What is being asked:
Each entry below must be repeated exactly, with pictures left out.

Records shown:

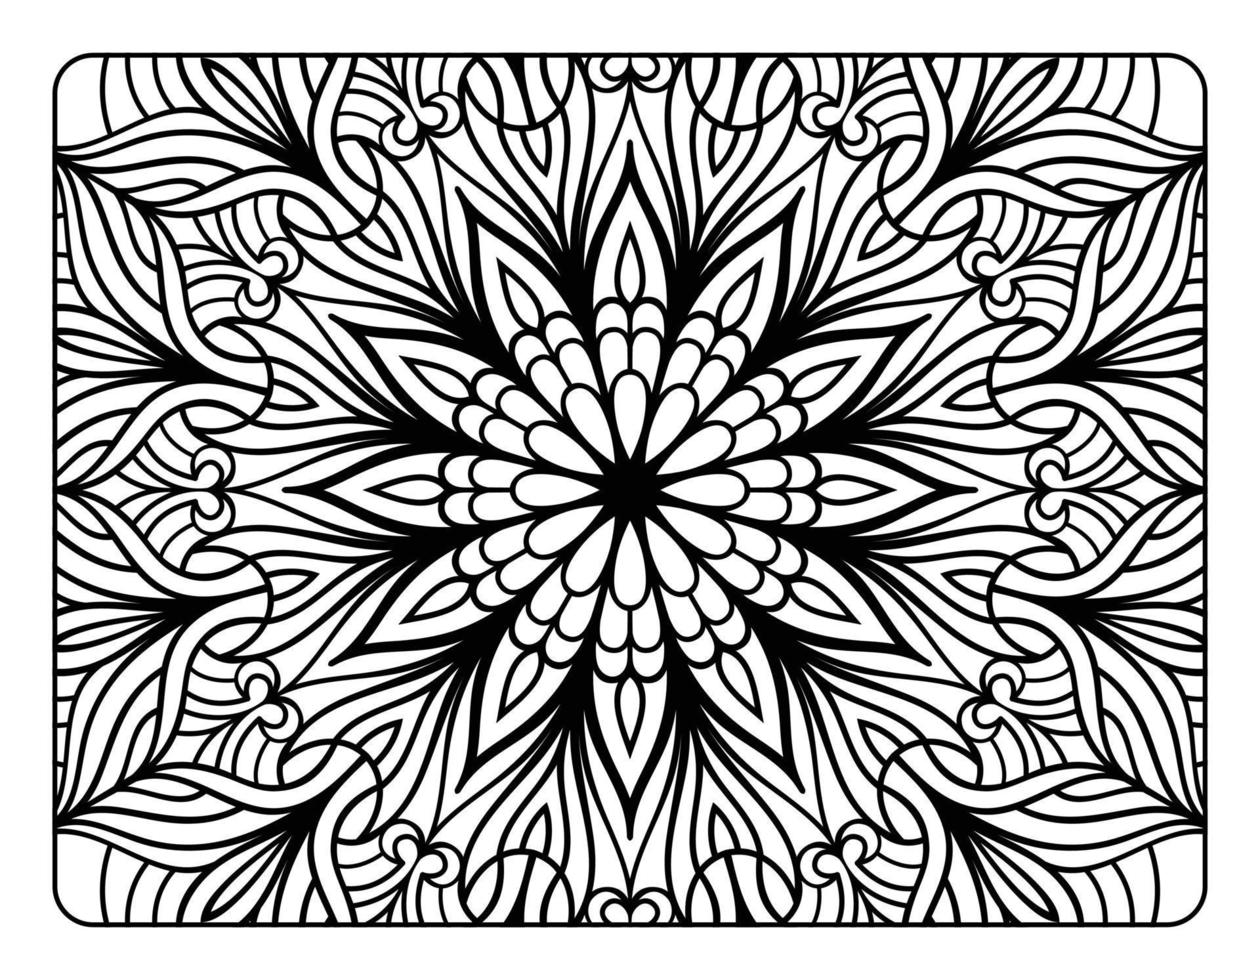 página de coloração floral de mandala para livro de colorir adulto, página de coloração de mandala preto e branco, arte de linha de doodle desenhada à mão para interior de página de coloração adulta vetor
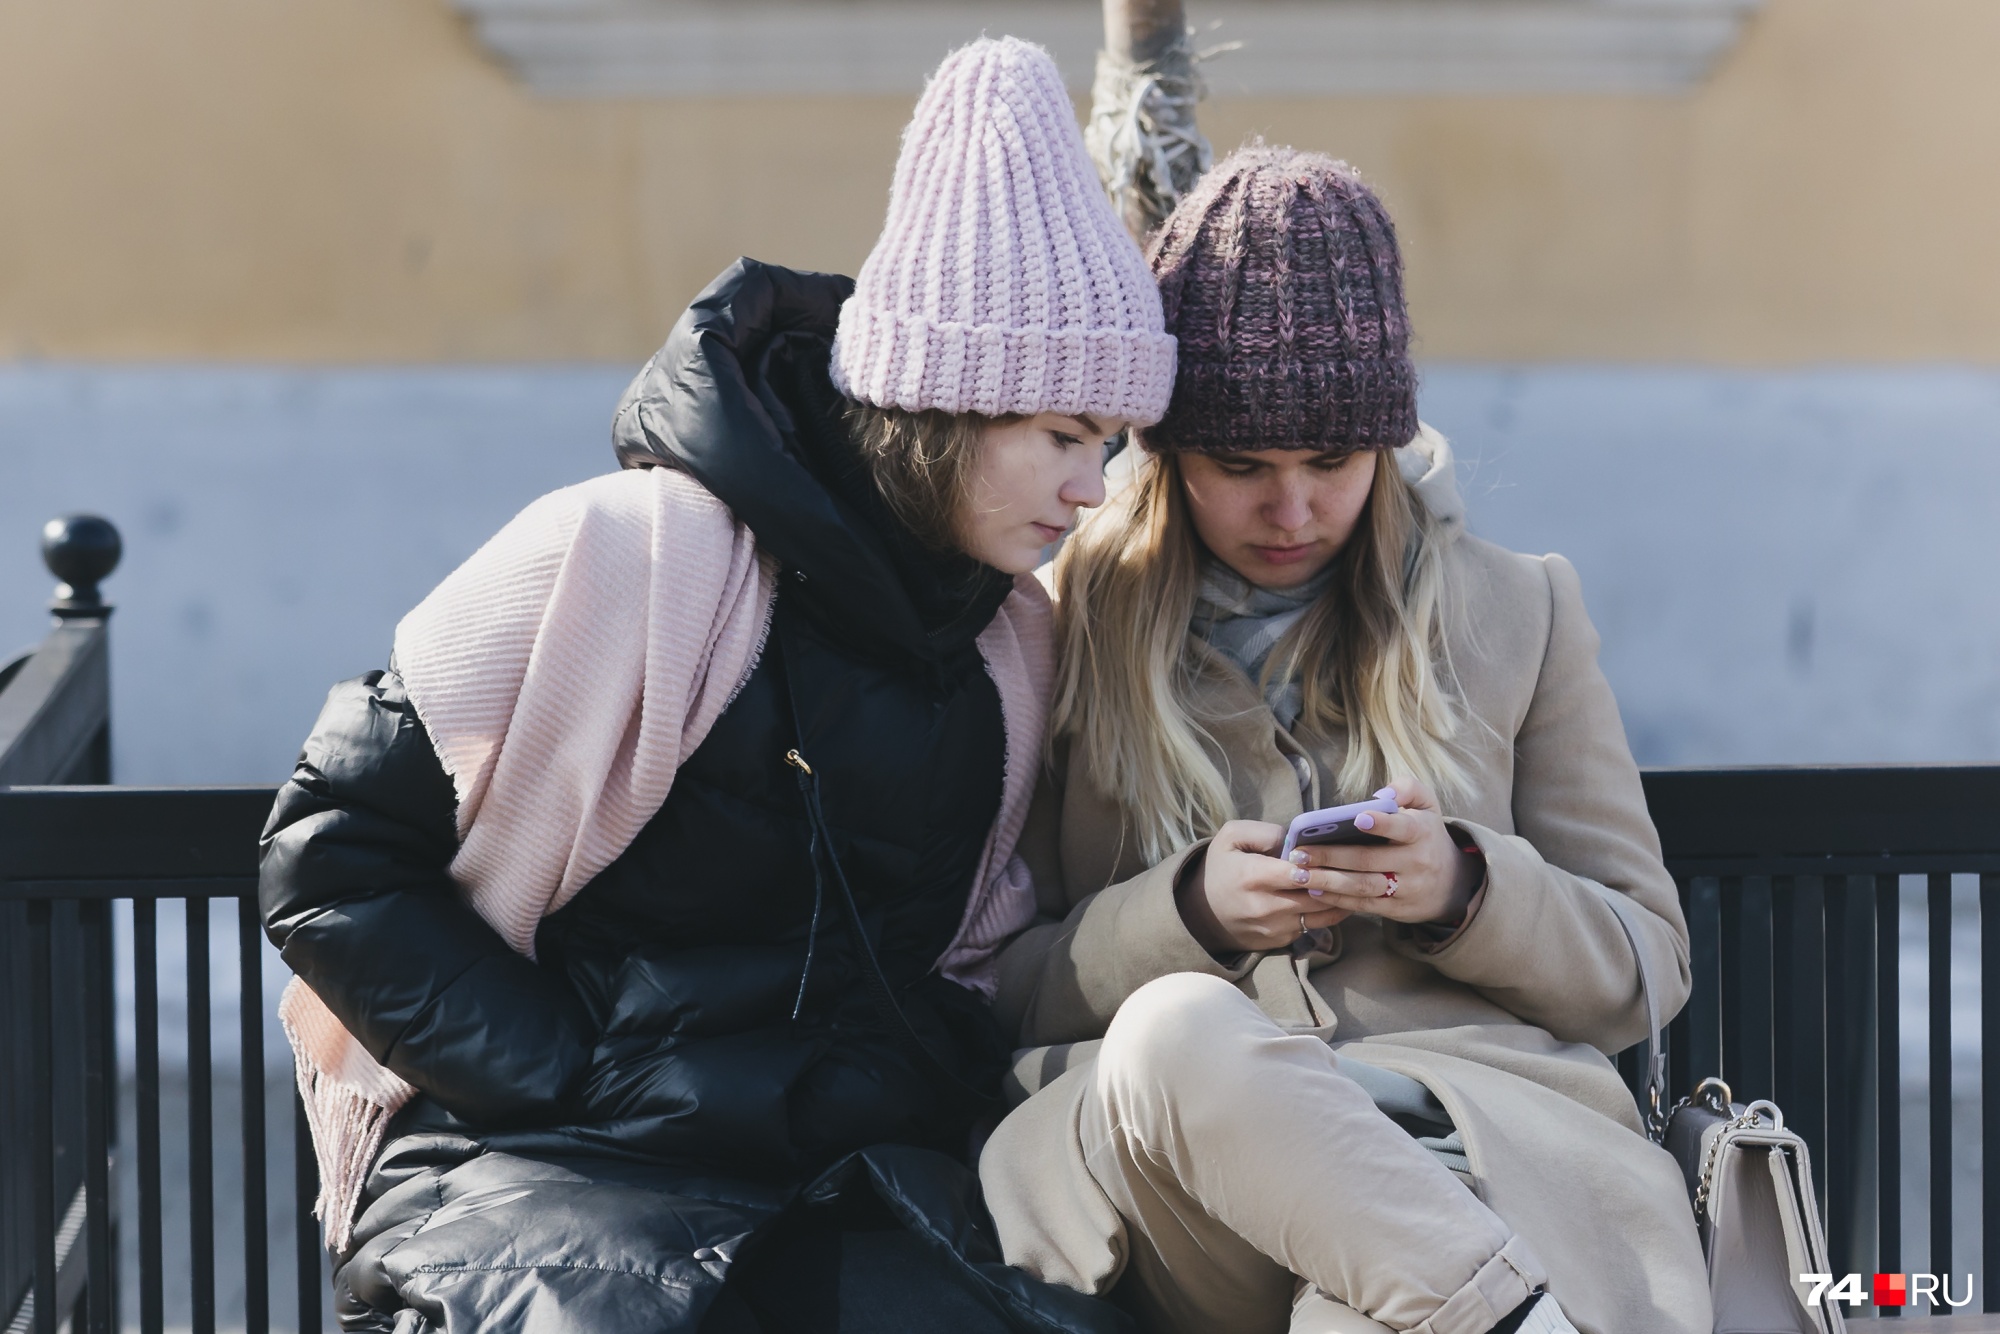 Мобильный интернет — только для богатых? Как отмена безлимита скажется на расходах россиян
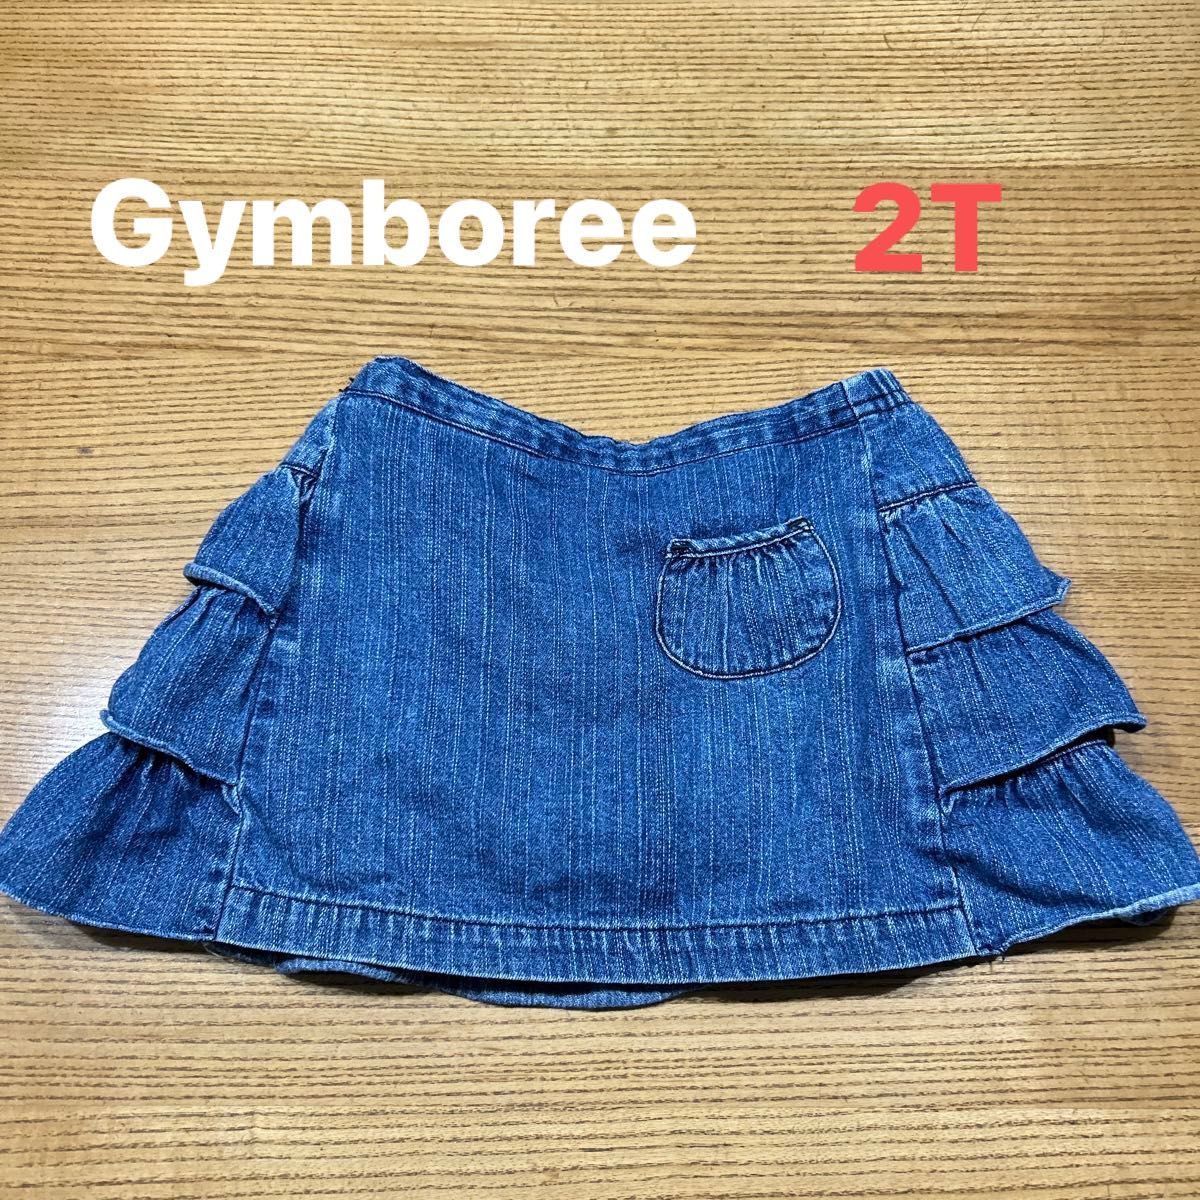 【Gymboree】ティアード デニムスカート 3段フリル スカート インナーパンツ付き 2T (95cm)
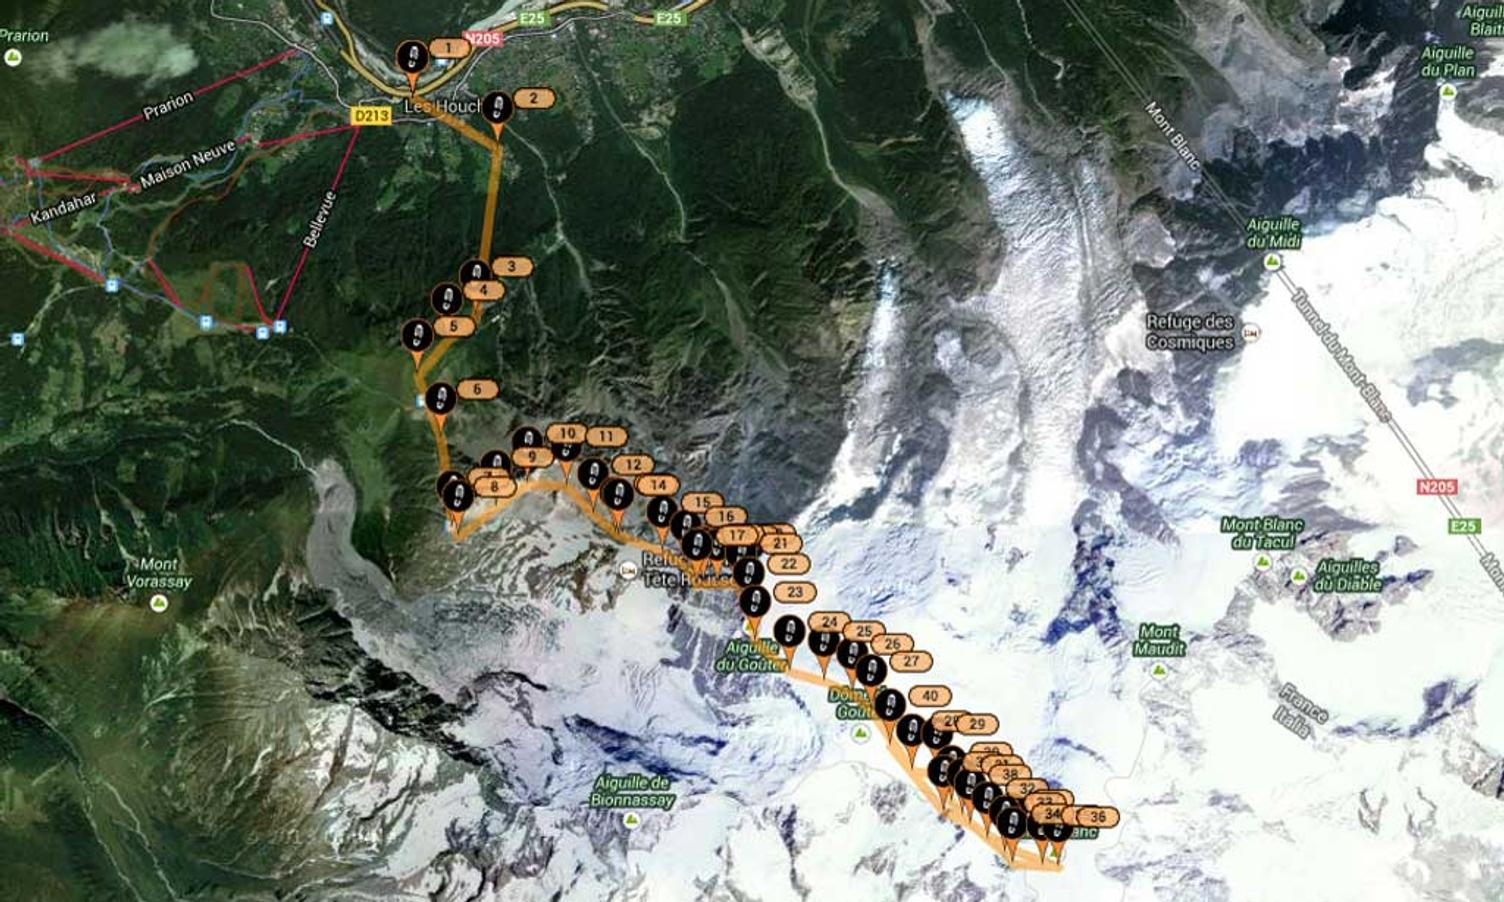 Turen starta i Les Houches ved Chamonix, 1000 moh. (Google Map/findmespot.com)
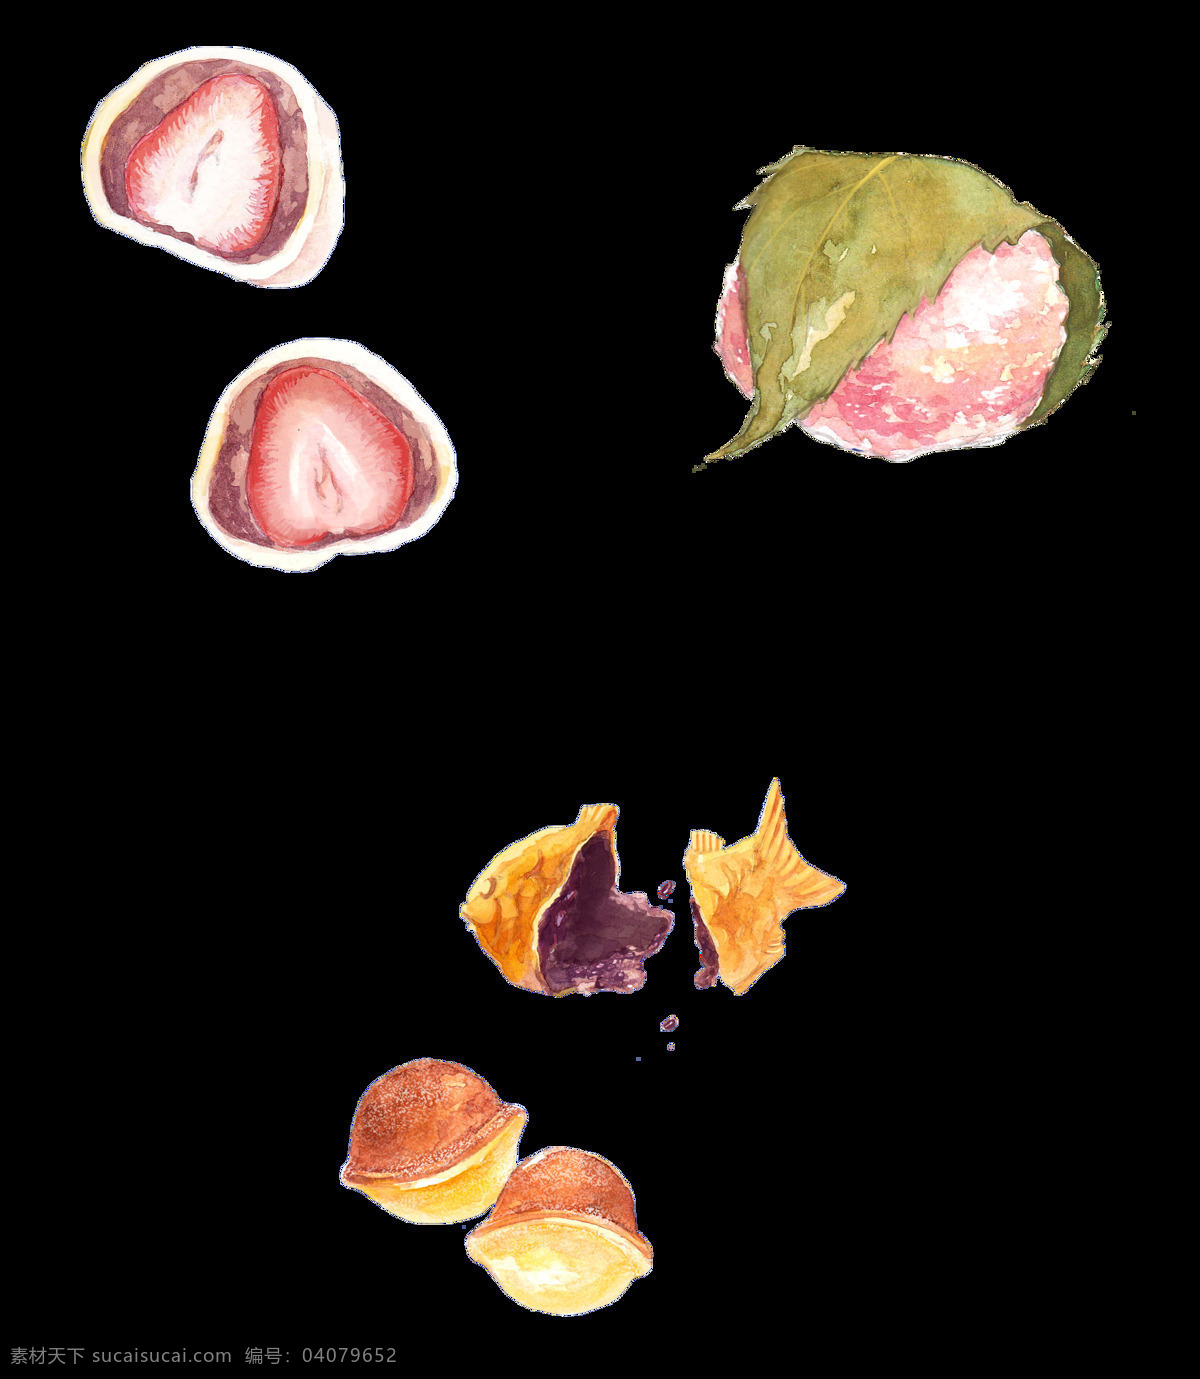 日式点心 日本 日式 和风 食物 点心 甜点 和菓子 草莓大福 鲷鱼烧 绘画书法 文化艺术

Solution:
 página de coloração floral de mandala para livro de colorir adulto, página de coloração de mandala preto e branco, arte de linha de doodle desenhada à mão para interior de página de coloração adulta vetor
 Мобильный интернет — только для богатых? Как отмена безлимита скажется на расходах россиян
 【Gymboree】ティアード デニムスカート 3段フリル スカート インナーパンツ付き 2T (95cm)
 Turen starta i Les Houches ved Chamonix, 1000 moh. (Google Map/findmespot.com)
 日式点心 日本 日式 和风 食物 点心 甜点 和菓子 草莓大福 鲷鱼烧 绘画书法 文化艺术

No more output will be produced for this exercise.